7人組ボーイズグループ・TAGRIGHTの前田 大輔さんは、何もない「ゼロ」の状態から、自らの足でメンバーを集め、デビューの夢を掴んだ。 数々のオーディション落選という挫折を乗り越えてきた前田さんに「自分を信じて行動し続けるコツ」を聞いた。それは、試験合格やスキルアップを目指す私たちにとっても、大きなヒントになるはずだ。
「timelesz project」を経て、異例の“自作グループ”でデビューを果たした前田 大輔さん。数々の壁をどう乗り越え、チャンスに変えてきたのか。停滞期を打破し、目標を確実に引き寄せるための実践的なマインドセットをお届けする。
「50人以上に声をかけた」まるでスタートアップのような結成秘話
爽やかなファッションがよく似合う。にこやかな表情で取材に応じてくれた前田さん。
前田さんは、timeleszの新メンバー募集オーディション「タイプロ」こと「timelesz project」で約19,000人の応募者から12人まで残った実力者。その後、同じく5次審査まで残った西山 智樹さんから声をかけられ、グループ結成に向けて始動。25年6月にホリプロ所属が発表されると、Xでトレンド入りするなど大きな反響を呼んだ。
しかし、グループの構成すら決まっていない状態からのスタート。やはり、メンバー集めが何より大変だったという。

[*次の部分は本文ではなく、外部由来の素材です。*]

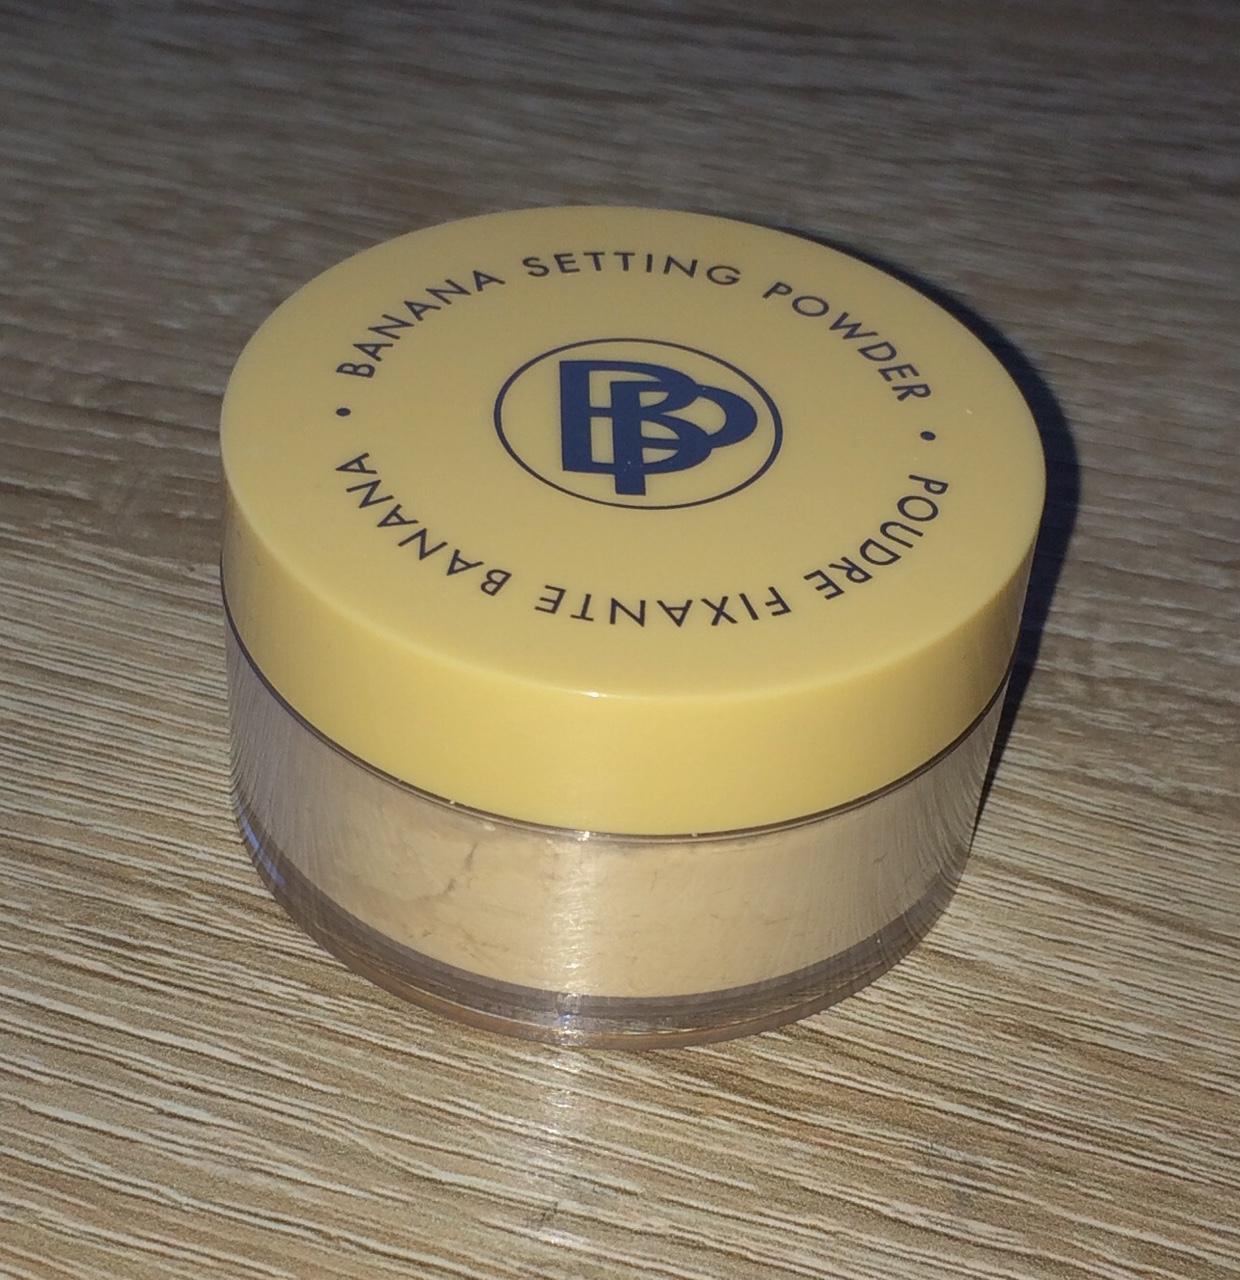 Bellapierre - Banana setting powder - Obrázok č. 1

「事務所と話し合って決めたプレデビューの時期は2026年1月。期間はわずか半年でした。なので、時間が本当に少なかったんです。SNSで『一緒にやりたい』と思う人にDMを送ったり、これまでのレッスンで出会った人のツテを辿ったり。
でも、既にどこかしらの事務所に所属している方が大半で、グループの形もまだ見えない状態だったので、断られることも多かった。逆の立場なら僕だって悩みますから、無理もないですよね」(前田さん。以下同)。

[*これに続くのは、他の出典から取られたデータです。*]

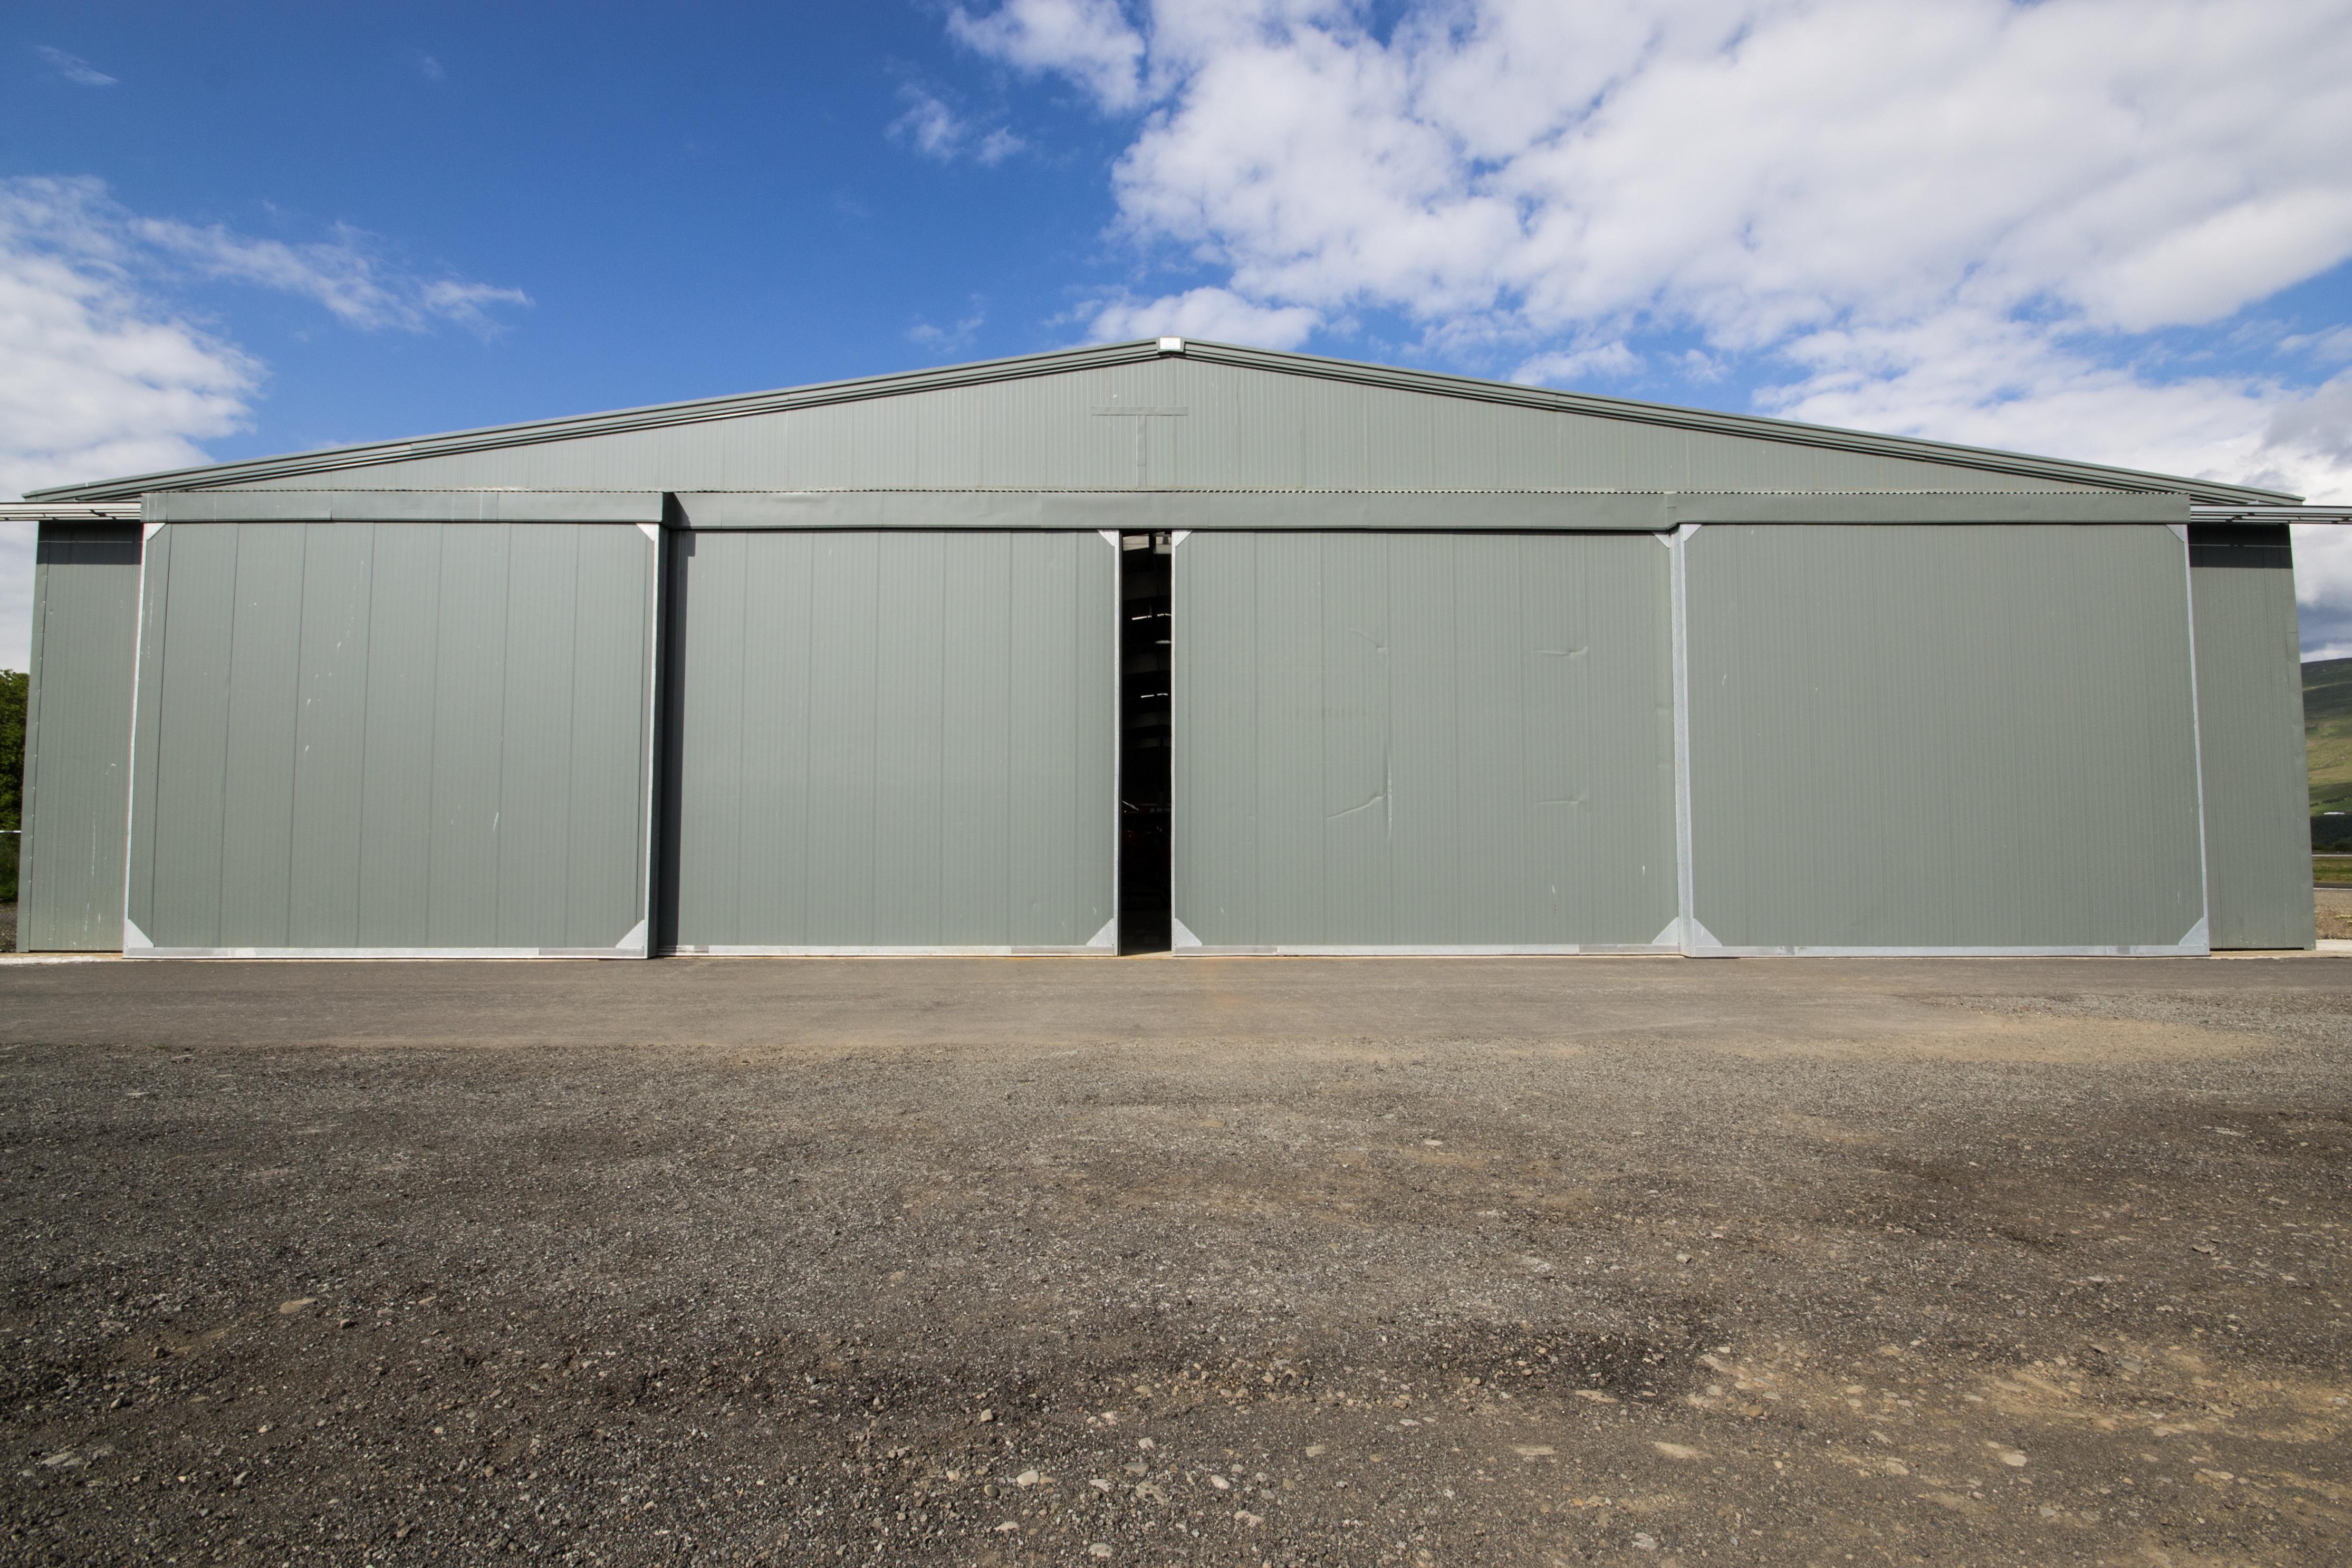 Hangar Per Aerei High Lift Door Inc

約半年間で、50人以上にコンタクトを取った。断られるたびに落ち込んでもおかしくないが、行動し続けた先で、メンバーとなる5人に出会うことになる。
「当初、TAGRIGHTは僕と西山を含めて、5人を想定していたんです。でも、最終候補として残ってくれた5人が全員素晴らしくて。結局、TAGRIGHTは7人のグループになりました」。

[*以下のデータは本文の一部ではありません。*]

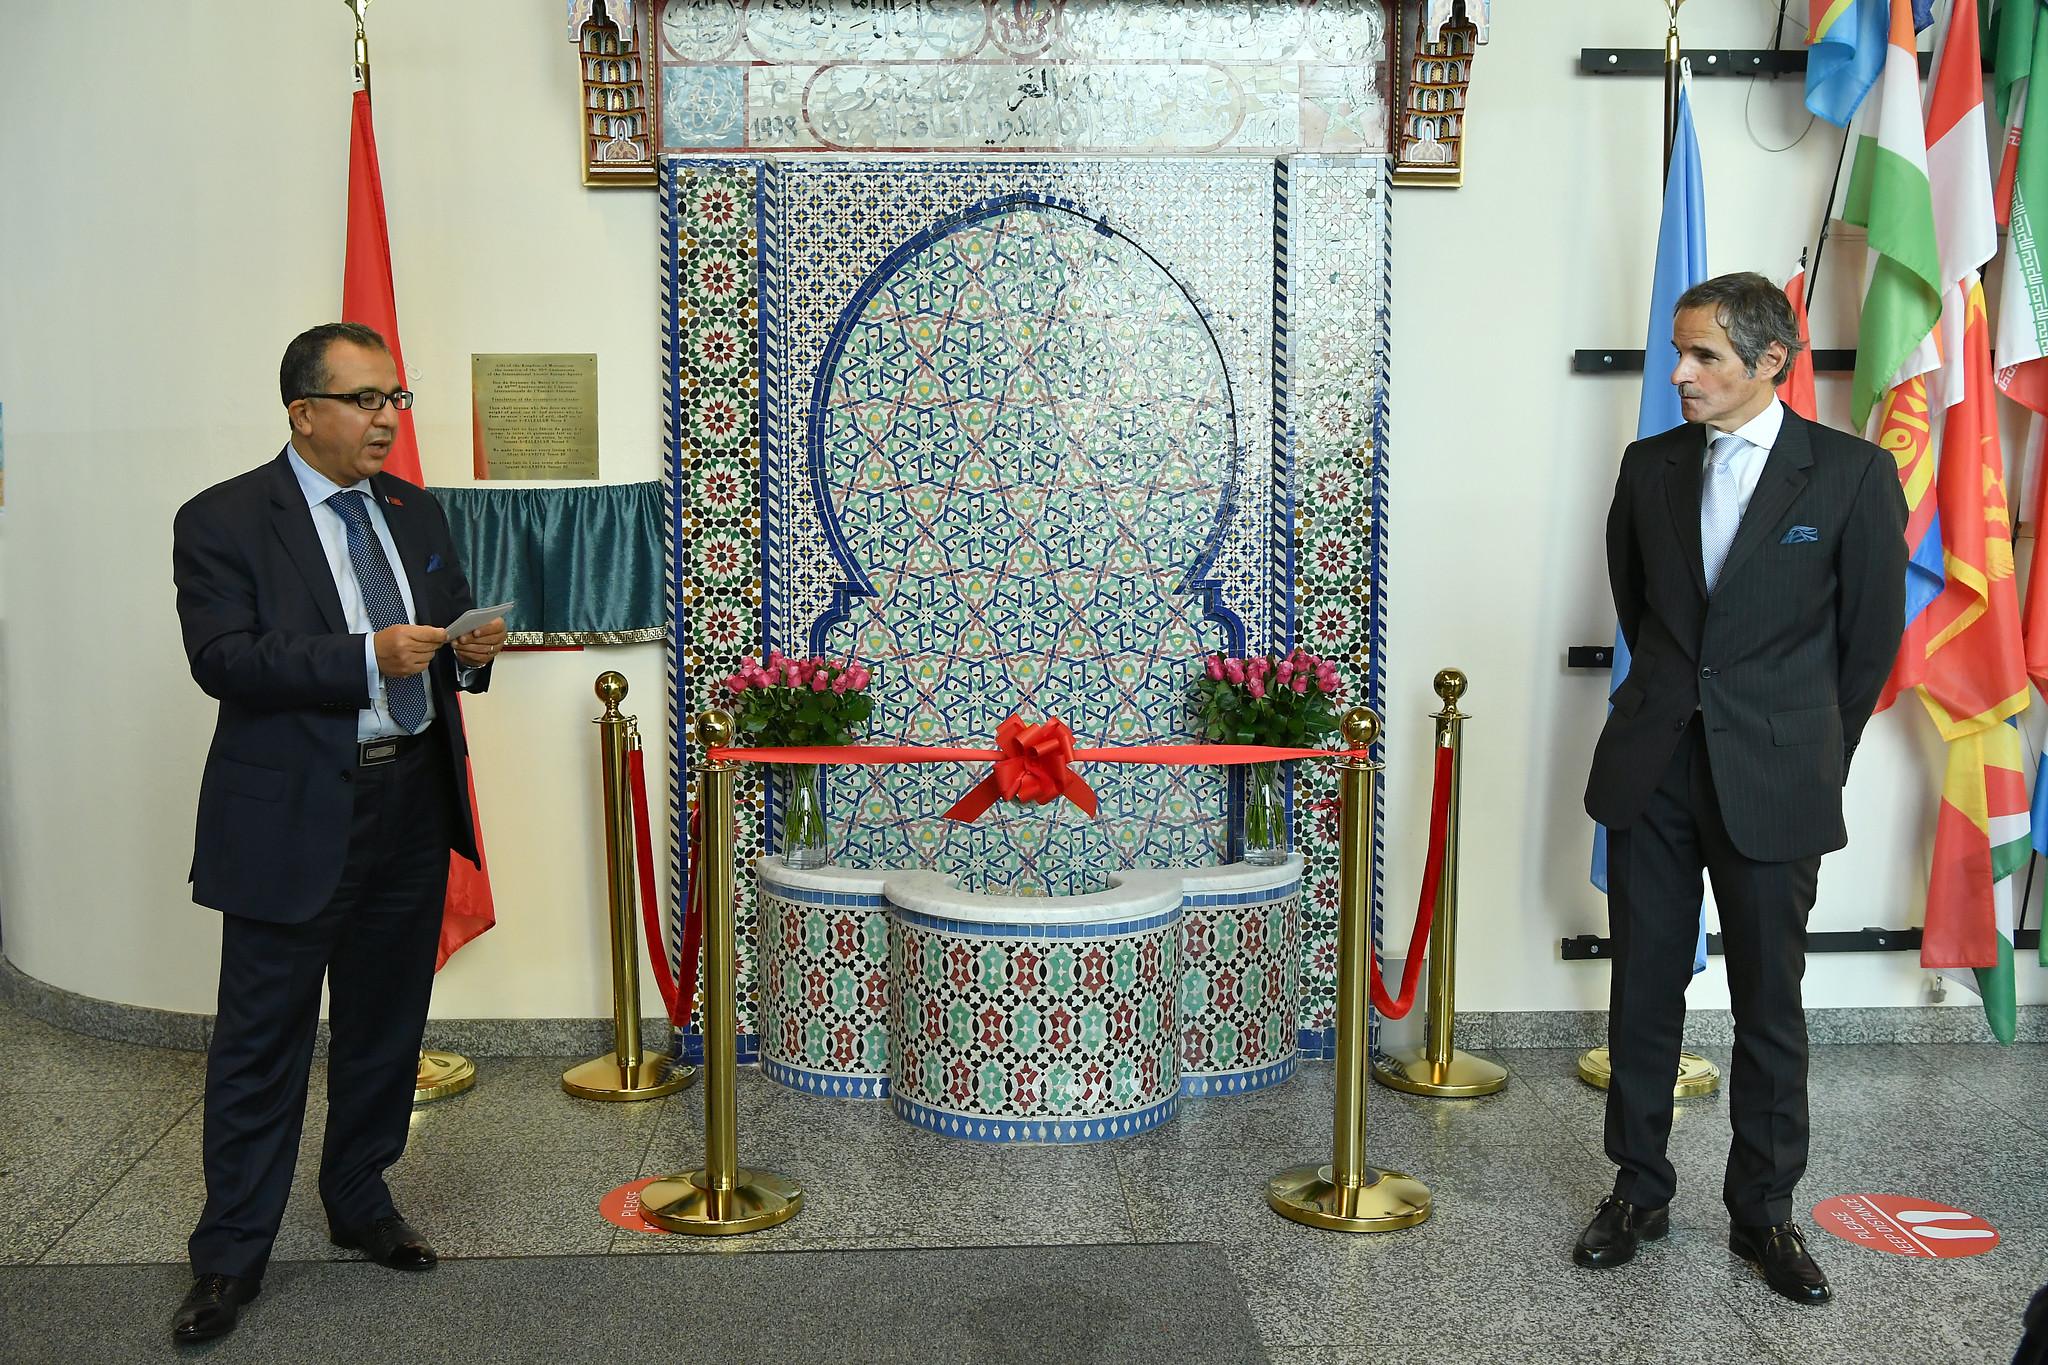 Le Maroc inaugure une fontaine de zellige restaurée au siège de l'AIEA

当初の「5人」という計画に固執せず、目の前の縁を信じて柔軟に軌道修正したことが、結果として最良の未来をたぐり寄せた。
この柔軟さは、私たちの「学び」にも通じるのではないだろうか。目標に向かって学びを進めるなかで、結果が振るわないこともあるだろう。そんなとき、 「上手くいかない……」と悩んで止まってしまうのではなく、前田さんのように「方法を変えて動いてみる」のも手。
勉強のアプローチを変える、講座を活用する、ときにはSNSで勉強仲間を探す……。そんな試行錯誤の1つひとつが思わぬ突破口に繋がることもあるはずだ。
過去のすべてを「正解」にする。1通のDMから始まった“点と点”の繋ぎ方
「高校時代は『BIGBANG』や『BTS』に憧れていました」。
前田さんの行動力は、高校時代から一貫している。
野球少年でダンスも未経験だったが、K-POPアーティストのMVを見て衝撃を受けた。「自分もあんな風にかっこよく踊りたい」、その一心でアーティストを志し、部活の引退後、地元・富山でダンスの先生を探すため、X(旧Twitter)でDMをひたすら送ったという。その行動が、韓国での練習生生活、そして今のグループ活動へと繋がっていく。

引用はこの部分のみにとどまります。